Hence, by applying this two-step test (slightly tilted more towards guaranteeing the absence of conflicts of interest between the new representative and the respondent state), the ICSID tribunal resolved that the nominee of the former directors of the Bank had no authority to represent the company. It held that the insolvency administrator was the appropriate representative of the claimant, but allowed the former directors to represent the Bank with respect to the ancillary claim regarding whether it was appropriate to place the bank in liquidation. Thus, the tribunal gave access to the case file to both the insolvency administrator and the former directors.


A Possible Role for the UNCITRAL Model Laws on Insolvency

Admitting that there is no rule of international law on representation of corporations, some transnational legal instruments can nevertheless provide guidance on the issue of party representation in the case of insolvency, including the 1997 UNCITRAL Model Law on Cross-Border Insolvency and the 2018 UNCITRAL Model Law on Recognition and Enforcement of Insolvency-Related Judgments. To the extent that these instruments enshrine internationally recognized standards and provide effective mechanisms for dealing with the issue of party representation of an insolvent company, arbitral tribunals may apply them as soft law.


Specifically, the 1997 UNCITRAL Model Law on Cross-Border Insolvency provides the representatives of foreign insolvency proceedings and creditors with a direct right of access to the court seized with parallel proceedings to seek its assistance. Furthermore, it accords recognition for orders issued by foreign courts commencing insolvency proceedings and appointing the insolvency administrator, thus quickly solving the problem of party representation of an insolvent company.


This Model Law also grants the insolvency administrator the necessary relief for the orderly and fair conduct of simultaneous proceedings, including a temporary “breathing space” in order to have time to take the appropriate measures for the liquidation of the assets of the debtor. Finally, the UNCITRAL Model Law also authorizes the courts hearing concurrent proceedings and the foreign representatives of the insolvent company to cooperate and have a direct channel of communication in order to foster decisions that would best serve each parallel ongoing proceeding.


The UNCITRAL Model Laws provide States with a uniform template to deal with certain specific issues. Hence, they are meant to apply to the domestic courts of the enacting States. However, the same principles and procedures may be applied mutatis mutandis by tribunals in international arbitration given the transnational character of the procedural issues arbitral tribunals are often called to deal with.


Conclusion

Because the supervening insolvency of claimants in investment arbitrations is a recurring problem, the two-step test adopted by the ICSID tribunal in AS PNB Banka has great utility for future cases.
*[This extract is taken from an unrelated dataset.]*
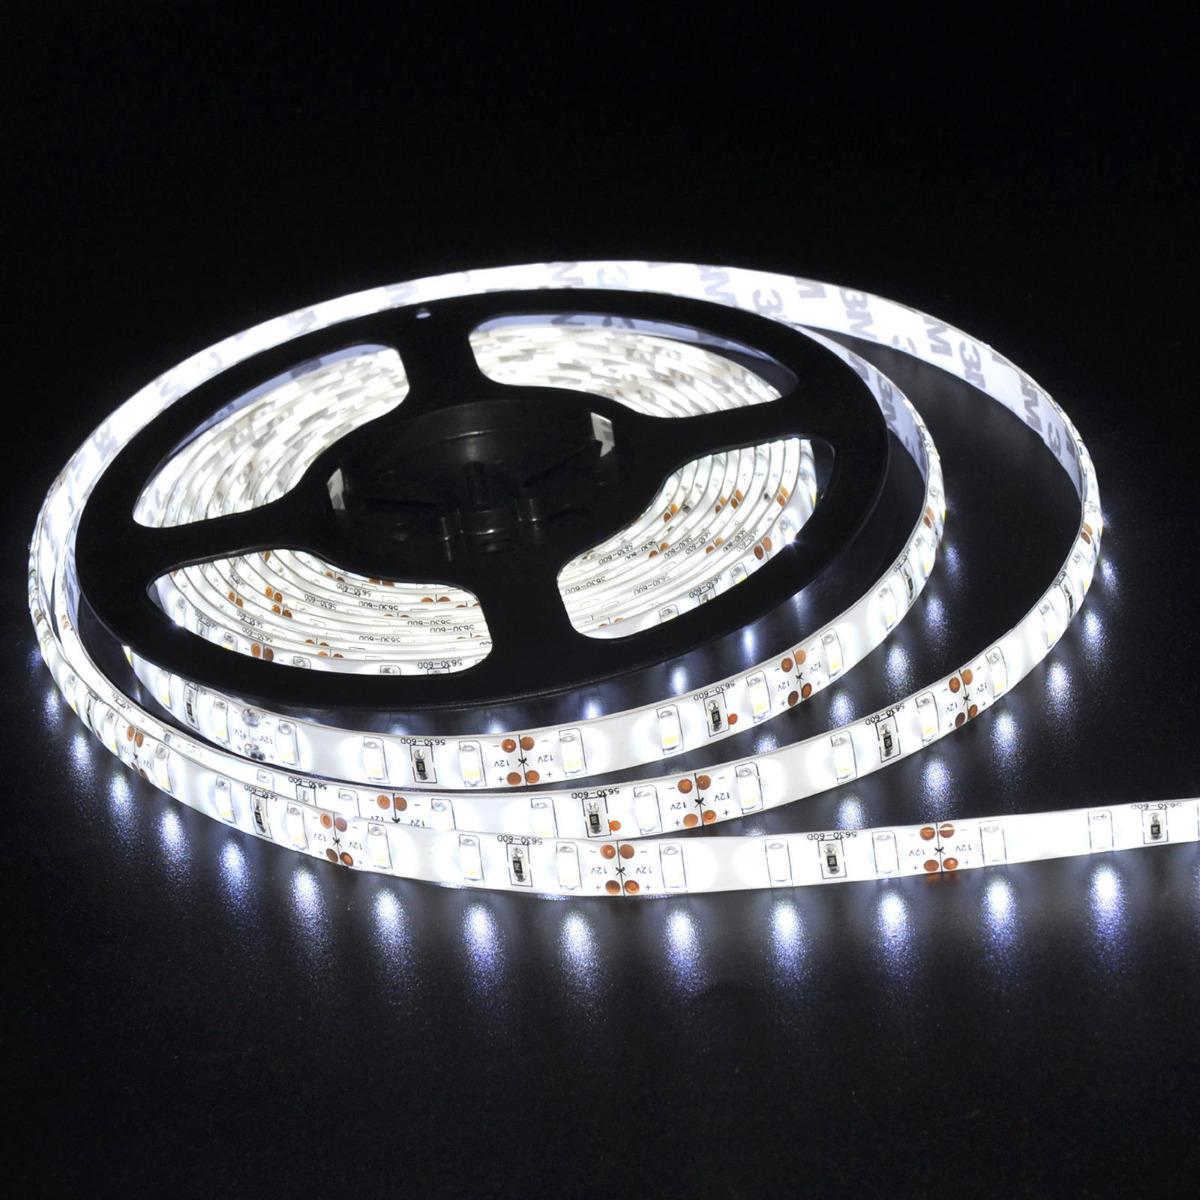 5M 300LEDs LED Strip Bar String of Light 5630 SMD Cool White Super Bright GL495

Other arbitral tribunals tackling the issue of party representation may apply this two-step test by first looking into the representatives’ authority in compliance with the domestic law of the country of incorporation of the company-claimant and then scanning for any conflicts of interest between the party’s insolvency representative and the counterparty in the arbitral proceedings. Further guidance may be provided by the UNCITRAL Model Laws on insolvency.


As a final question, is there a way to insulate an investment arbitral claim from having the company locally incorporated in the host-state subsequently put into liquidation with the intrinsic risk of a liquidator influenced by the respondent state? Probably yes: by filing the investment arbitration on behalf of the foreign shareholders only, without including the local company among the claimants.